MiRNAs are small endogenous non-coding molecules of RNA involved in gene expression regulation, playing a pivotal role in intercellular communication [7,8]. Changes in miRNAs’ expression can cause the silencing of genes by inhibiting complementary messenger RNAs (mRNAs), involved in different biological processes, causing human disorders [7,9]. Many of the functions of miRNAs are still unknown and under study, opening the possibility of an innovative and personalized approach to disease.

The main origin of miRNA synthesis is the nucleus of the cell: transcription is allowed by the enzyme RNA polymerase II, then an initial maturation process takes place through the enzyme RNAse (Drosha), and the precursor (pri-mi-RNA) is exported through pores to the cytoplasm [7,10]. In the cell cytoplasm, the maturation of the miRNAs is completed [7,9]. It has been postulated that an ancient alternative synthesis route has been preserved during evolution that does not use the enzyme RNAse but uses introns that act as pri-mi-RNA and are called “mirtrons” [11].

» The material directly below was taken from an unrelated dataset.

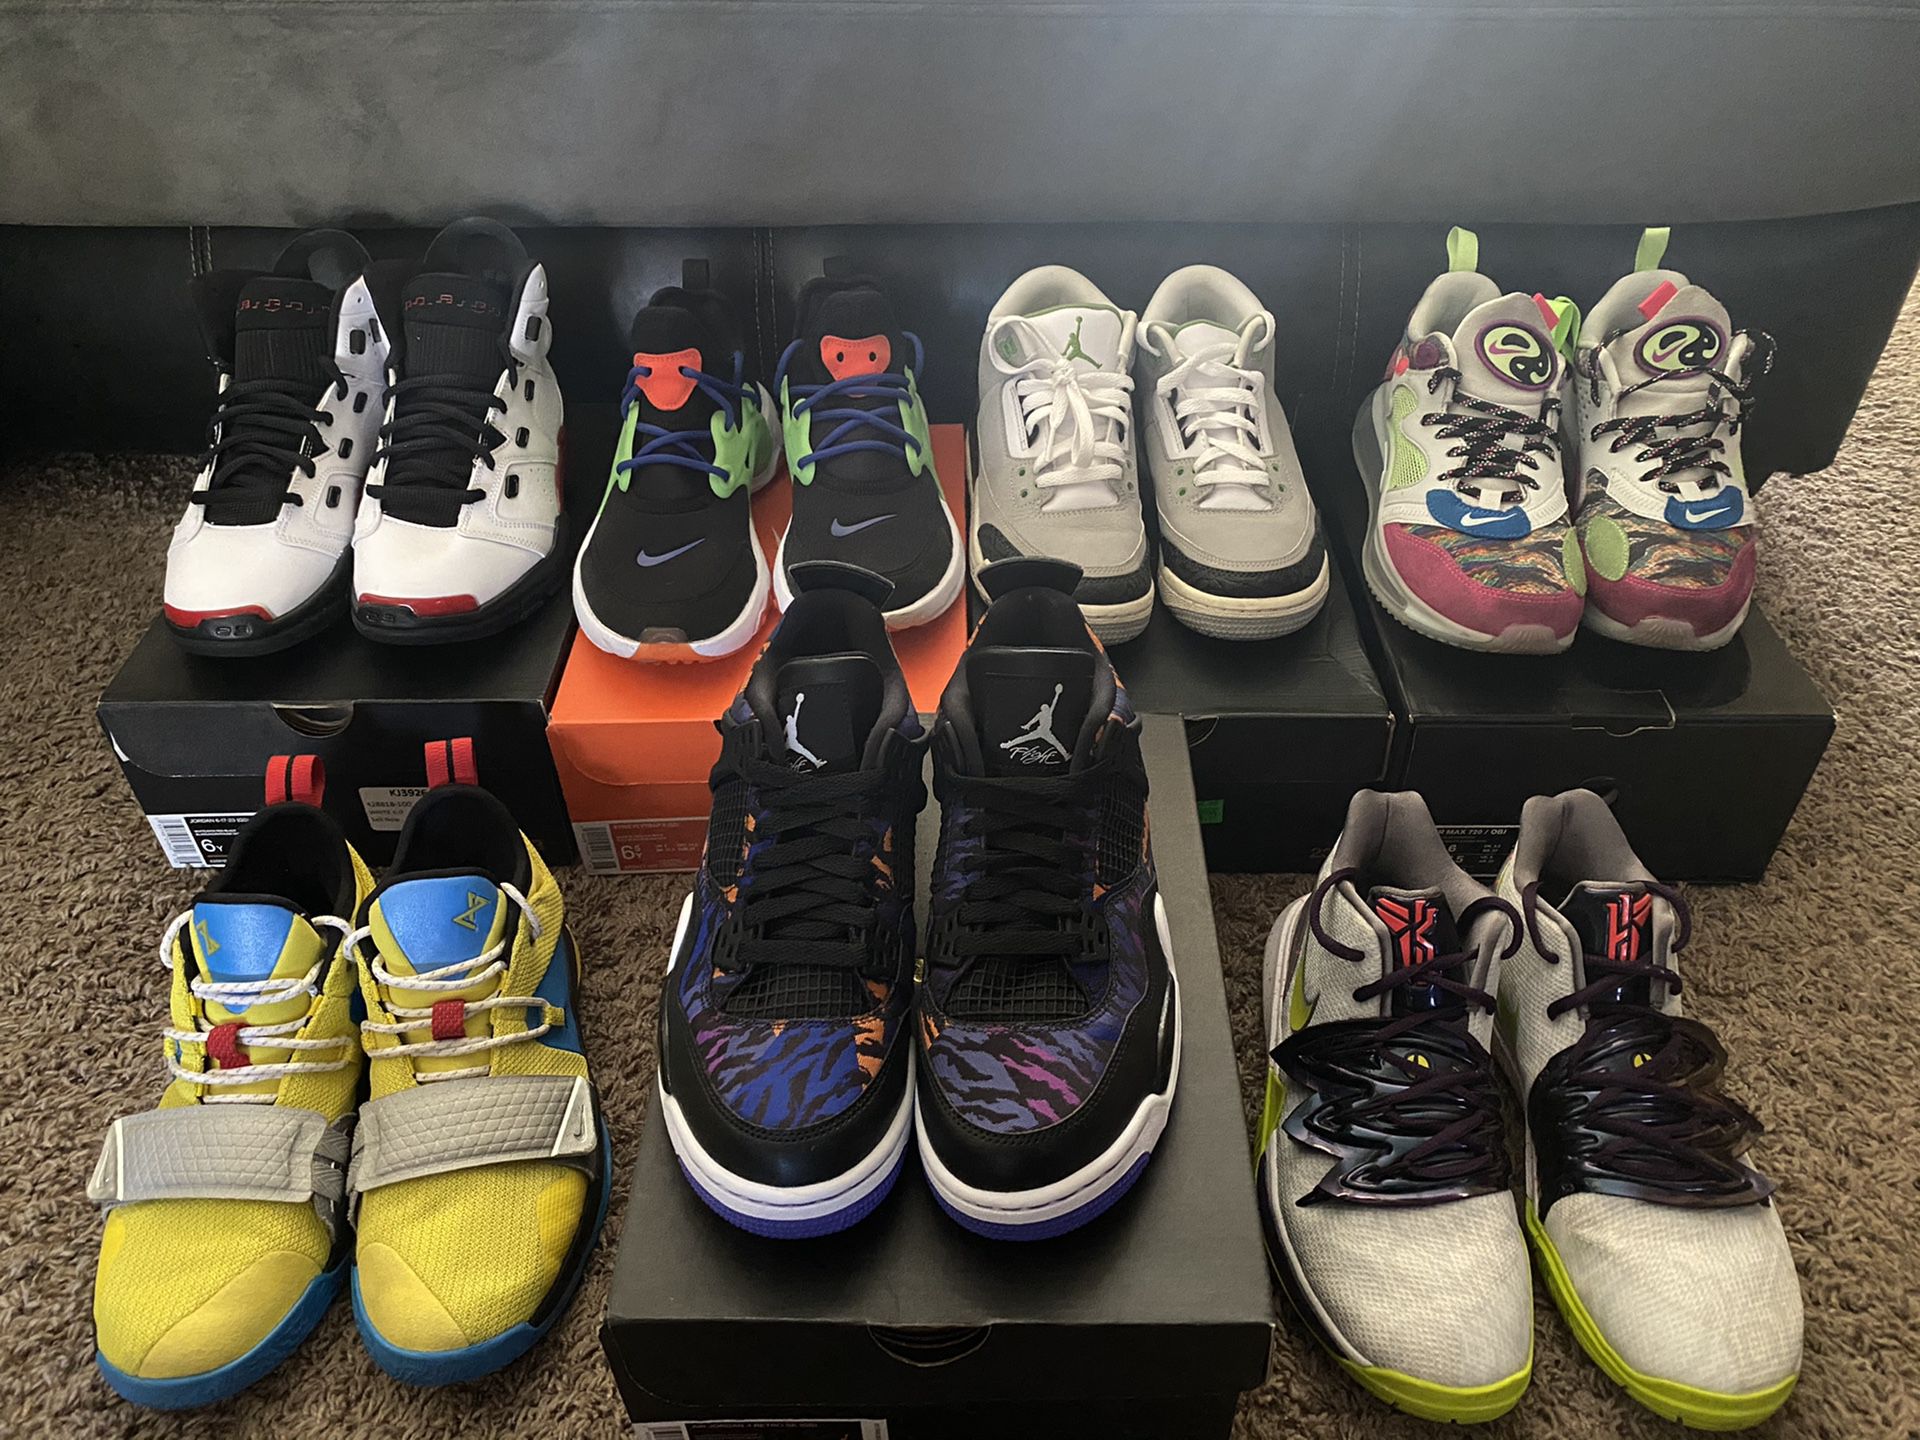 Nike Jordan lot 7 pairs total

The appeal of miRNAs lies in the fact that although they have complex functions they are “simple” molecules because they do not undergo post-processing modifications [11]. Once processed, miRNAs may be found in some organs [12,13] or may circulate in extracellular fluids as circulating miRNAs [12,14]. A small percentage of the latter is secreted as exosomes, macrovesicles that protect against degradation and allow miRNAs to enter other cells even at a distance [7,15,16]. Most of the form of the circulating miRNAs is bound to Argonaute 2 proteins (Ago2) [1,17], nucleophosmin 1 (NPM 1), and high-density lipoproteins (HDL) [7,18].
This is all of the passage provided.